Disaster Recovery is ‘make or Break’
Research shows that most firms hit by a catastrophic event, without no disaster recovery plan, go out of business within two years. Even a basic disaster recovery plan will increase the chances of recovery.
Disaster Recovery Tips
1. Store your system passwords in at least two separate secure locations. only one of which is in the same building as your IT equipment. At least two staff have should have access to them.
2. Document, document, document! Make sure that the whole recovery process to get you up and running again is documented, and includes the locations of system recovery and other critical discs. Make sure that key staff are familiar with these.

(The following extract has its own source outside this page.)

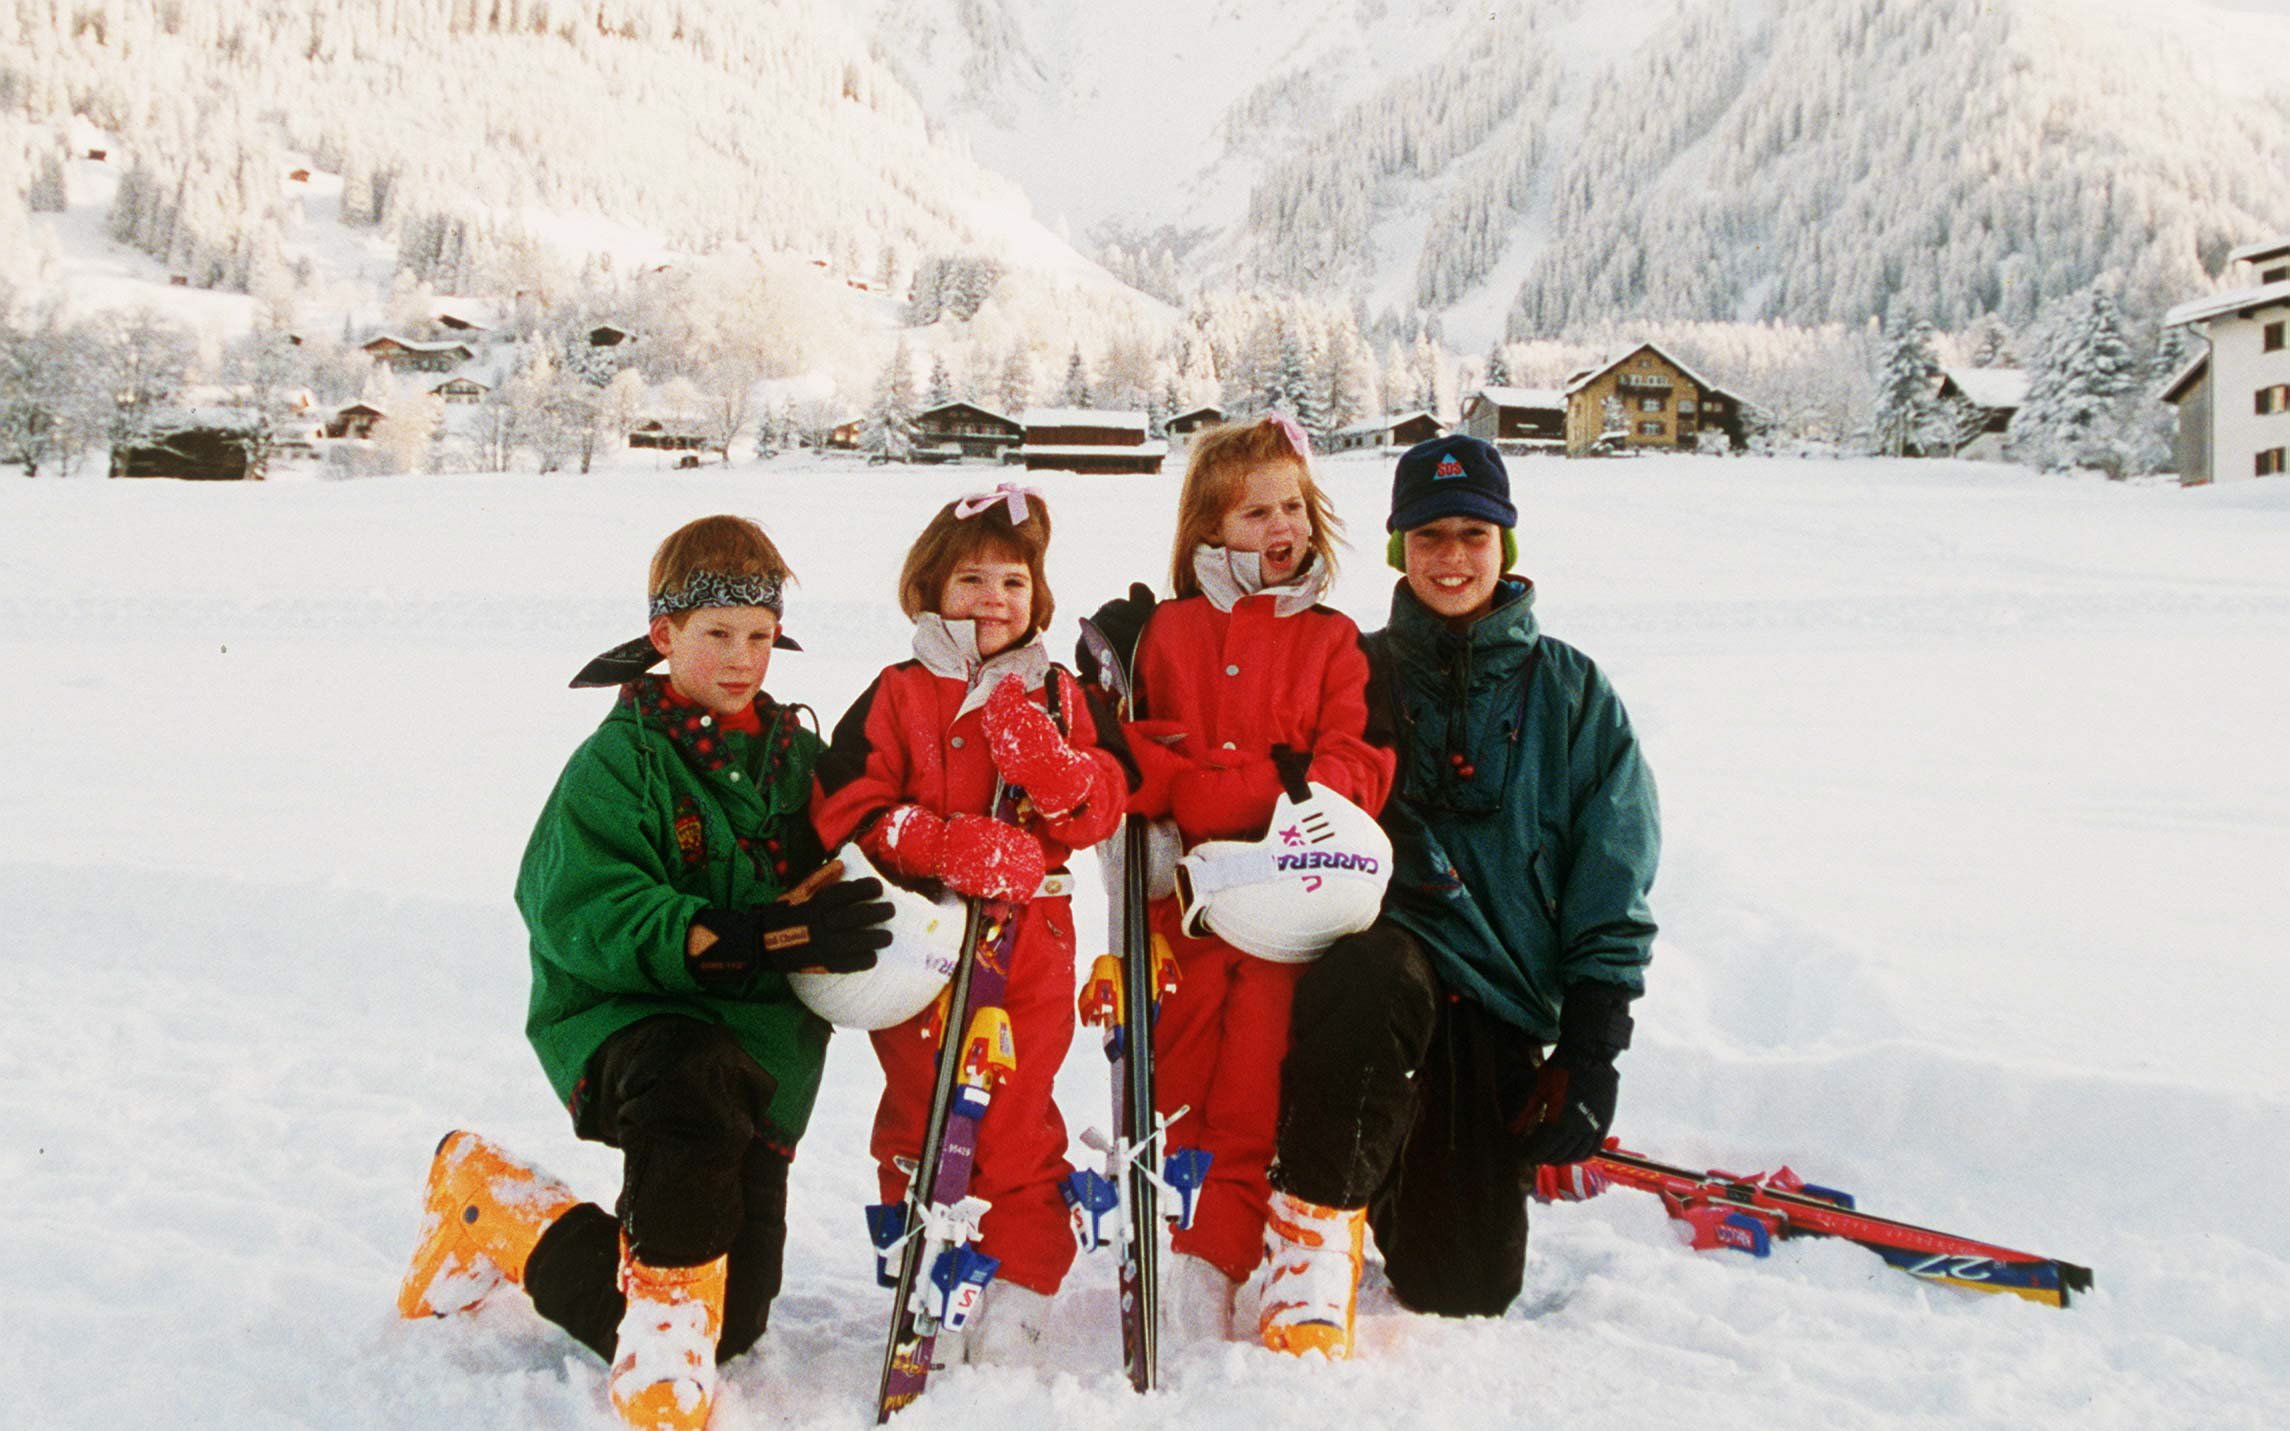 Prince William and Prince Harry pose for photo with Princess Beatrice and Princess Eugenie during ski trip in Klosters, Switzerland

3. Establish an automated system to notify critical staff of disaster by text. These staff should be thoroughly trained so that they can perform basic disaster recovery/back-up tasks unsupervised. You may be able to do this through an arrangement with a third-party service provider.

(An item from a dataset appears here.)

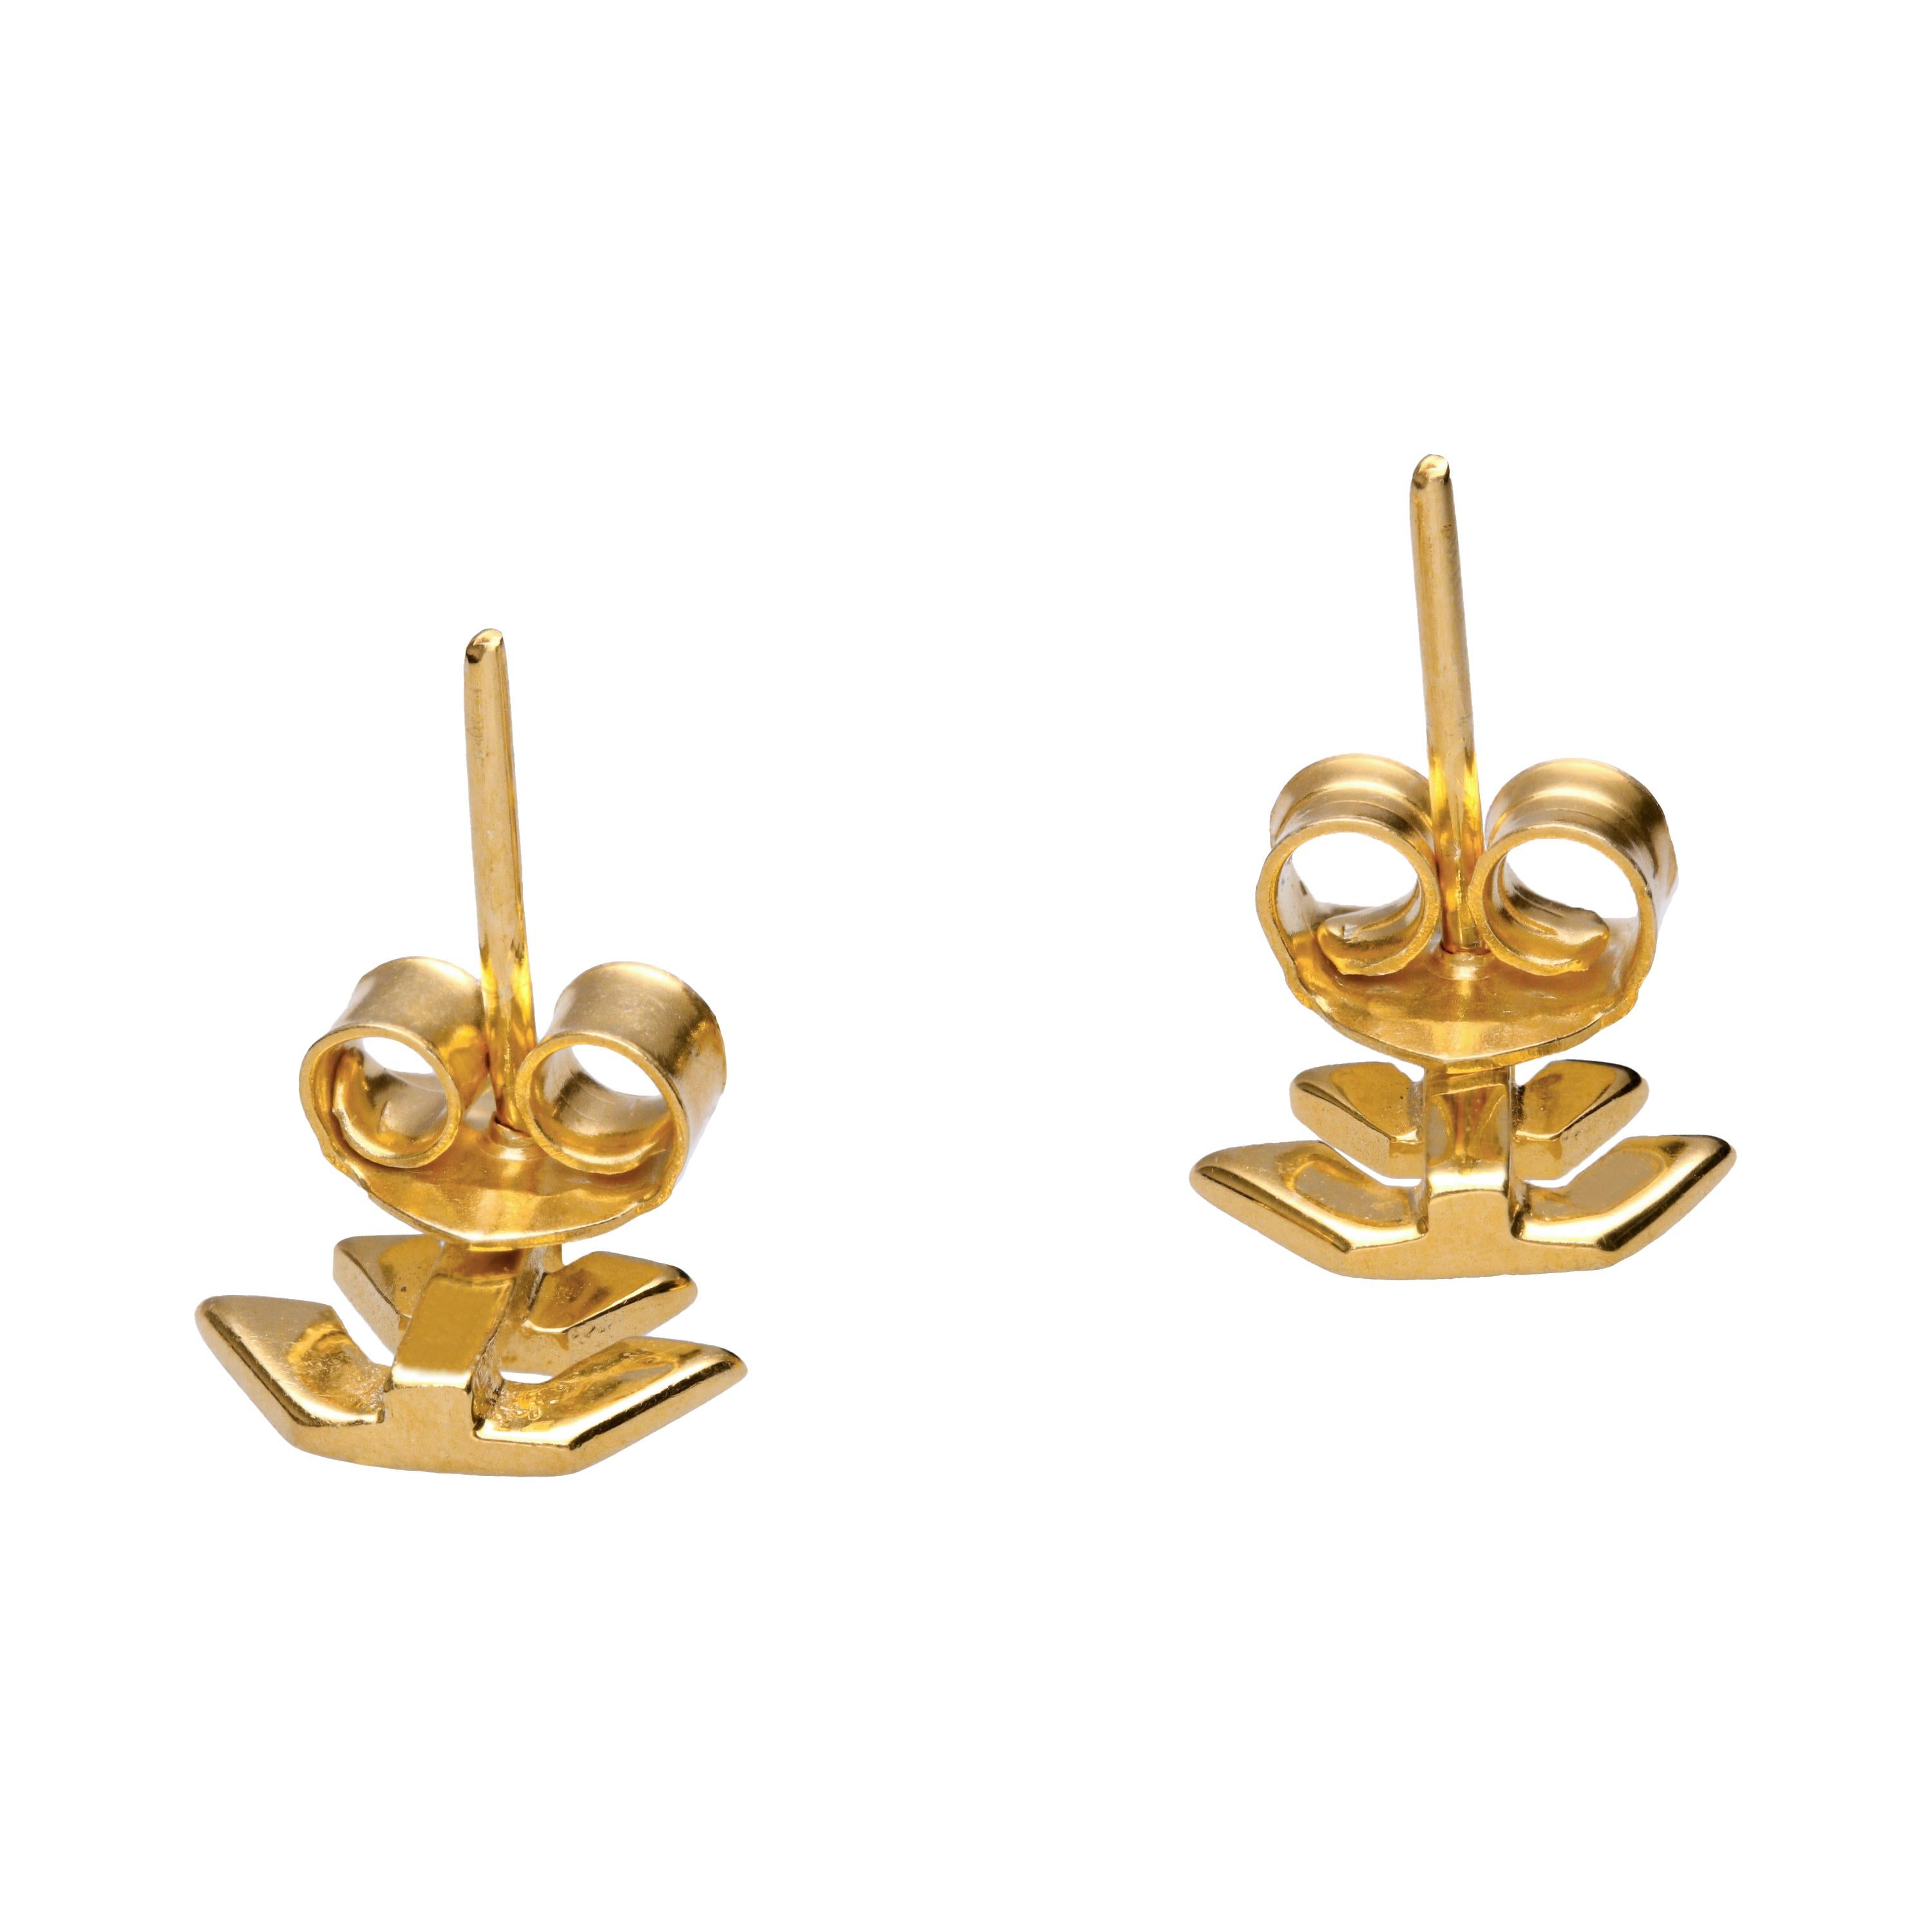 Contemporary Greca Earrings Studs in 14k Yellow Gold For Sale

4. Practice your disaster recovery plan on a quarterly basis or more. This not only hones your disaster recovery team’s skills but it will also familiarize new staff with the procedure, and ensures that your disaster recovery strategy is kept up to date by revealing any issues with new equipment or software.

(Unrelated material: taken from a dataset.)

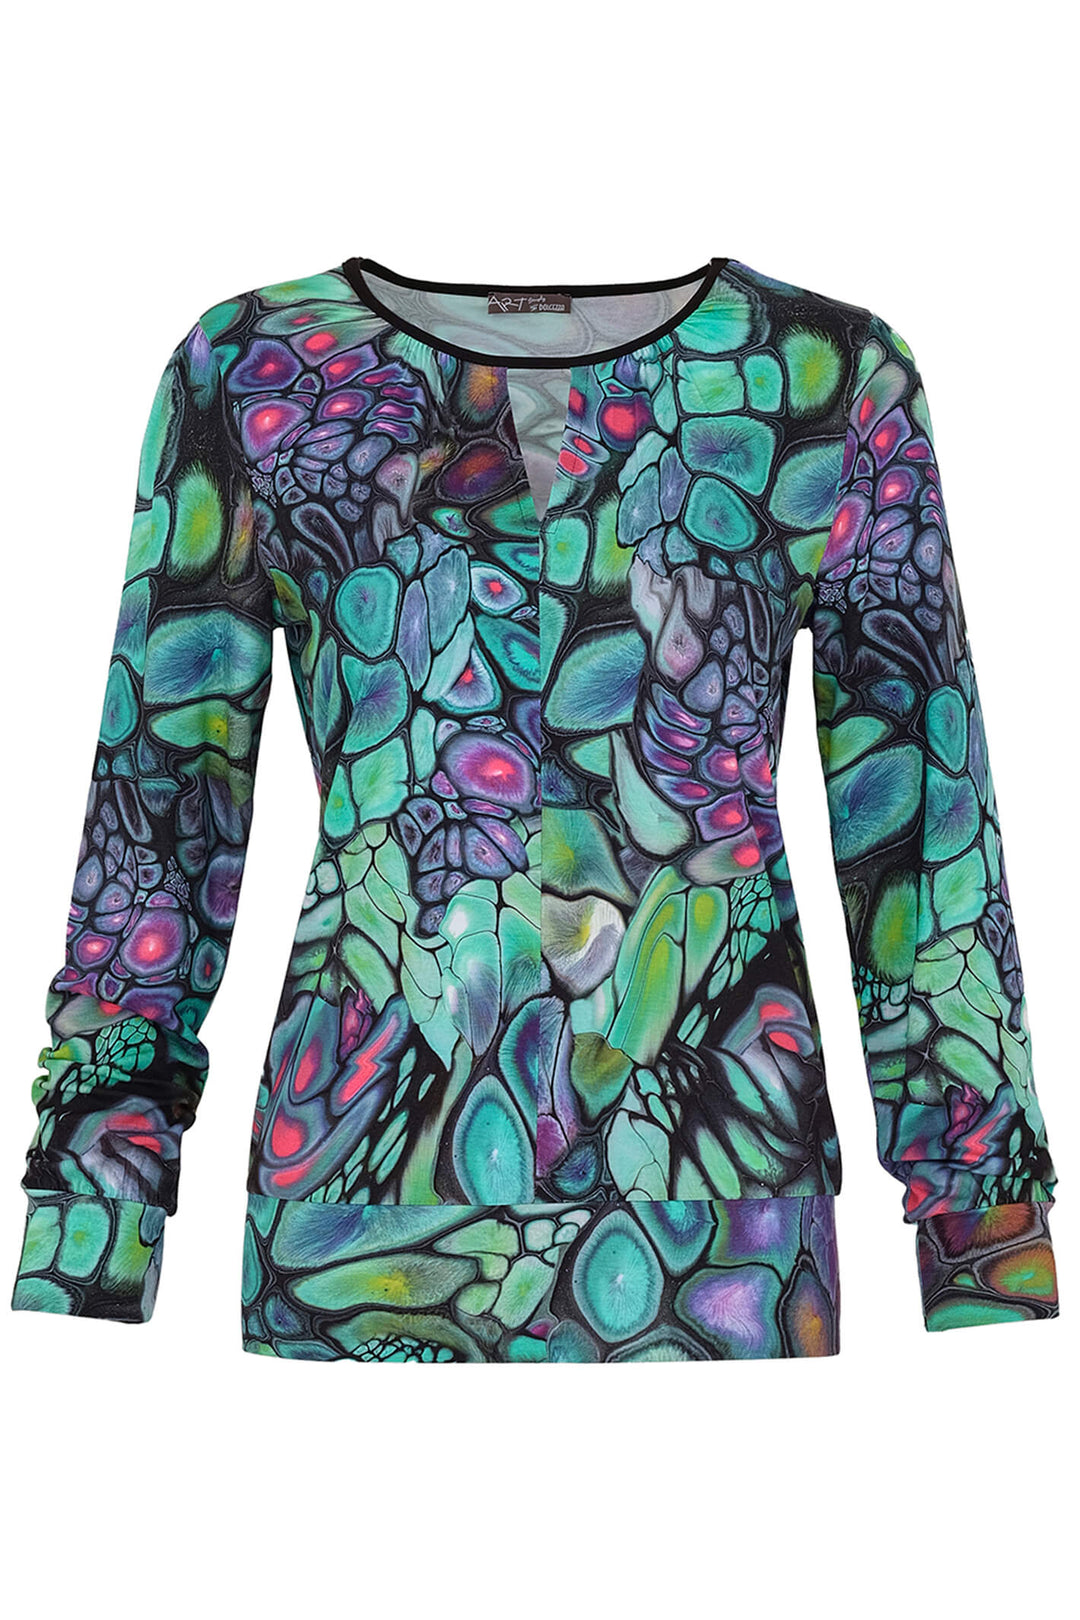 Dolcezza 73662 Green Maria Brookes Print Long Sleeve Top - Experience Boutique

5. No matter how good your disaster recovery plan, it cannot recover data if you neglect to back it up. Make sure there is a routine for backing up data regularly, and ensure it is done. Using at least Raid Level 5 (Raid Level 10 if the budget allows) to ensure data duplication ensures fault tolerance. Build as much redundancy in your system as possible to remove any single points of failure. This includes a multi-path data route to the system, so that you can still access your data if one path fails.
6. Arrange to have spare hot hard disk drives already in the system, or at least physically available in the same room as your storage system.
7.A tape archive strategy is crucial. Tapes used on a daily basis should be replaced every six to nine months to avoid deterioration – backups are no use if they cannot be recovered. Other tapes should be replaced on a regular, less frequent, schedule based on the frequency of use. Being able to back up to a remote location is worth almost any price, a fireproof vault is not an alternative to an off-site location.
8. Get yourself the best, longest-life, most uninterruptible power supply you can. Then get an additional battery back-up for your cache to go with it.
9. Don’t neglect to protect yourself from random theft, vandalism and employee malice, they can be just as disastrous as anything else. At the very least ensure that the door to your data/server room is locked, day and night.
10. An automatically closing fire door to the data/server room will keep fire and smoke out of the room for a surprisingly long time
Common Faults in Disaster Recovery Plans
Most disaster recovery plans that fail do so from lack of backups, lack of practice, or lack of documents. A basic but documented plan with recent backups and practiced staff will work better than a grandiose scheme let down on any of these points.